Melodi.

14 0 0
                                    

Aku mencoba menghadirkanmu dalam imajinasi. Kupetik gitar dan kumainkan nada yang tak berututan alurnya. Tanganku gemulai bergerak menyentuh setiap senar, namun aku tidak mengendalikannya. Ya, bukanlah aku, melainkan hatiku.

Aku memainkan melodi seolah kau sedang berdiri dengan gaun anggunmu, menari didepan mataku sembari tersenyum manis, lebih tepatnya tersipu malu. Lama-lama aku tersenyum juga, melepaskan jiwa dari ragaku seolah gitar itu dipetik oleh orang lain. Aku berdiri dan meraih tanganmu yang lembut itu.

Kita menari seakan realita dari ekspektasiku sudah menjadi nyata. Kita bukan lagi dua insan yang bediri pada pijakan yang jauh. Tiap melodi dan nada yang kupetik adalah kedekatan kita, kedekatan tangan kita, dan pula kedekatan hati kita. Melodi membuat kita apatis. Tidak ada sesiapapun dalam dunia fiksi ini selain aku dan kamu.
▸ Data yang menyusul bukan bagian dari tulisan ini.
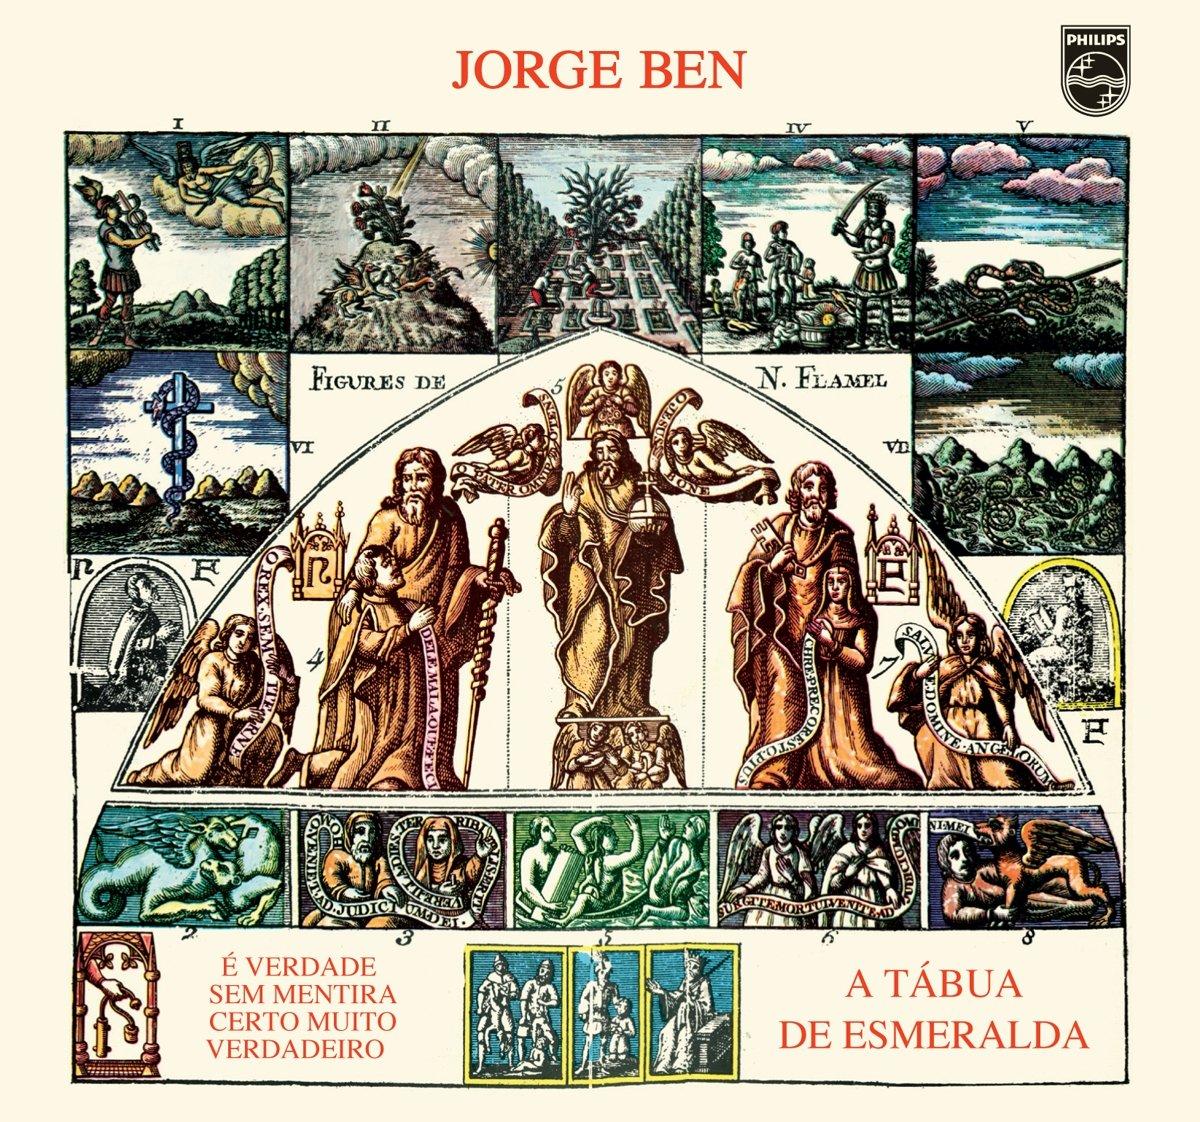 A Tabua De Esmeralda kopen

Saat petikan senar berhenti, dunia itu luntur seumpama cat warna-warni yang tersiram minyak tanah. Hanya itu yang dapat kulakukan sepanjang hariku, pagi dan petang. Moga-moga kerinduanku terobati perlahan demi perlahan. Mencoba menghadirkan sosok yang sebenarnya tak pernah hadir sama sekali. Bahkan, untuk sekedar mengucap kata sapaan hangat.

Mau sejauh apa lagi kamu berlari? Matamu adalah mataku, langkahmu adalah langkahku. Aku bisa saja menghentikan laju gerakmu dengan memotong kakiku menggunakan sebilah pisau. Kaupun merintih, lalu berbalik ke arahku. Dirimu pun tersadar bahwa bagian diriku adalah bagian dari dirimu.

Sadarlah wahai Bidadari tak bersayap, aku lelah menuruti kata hatiku.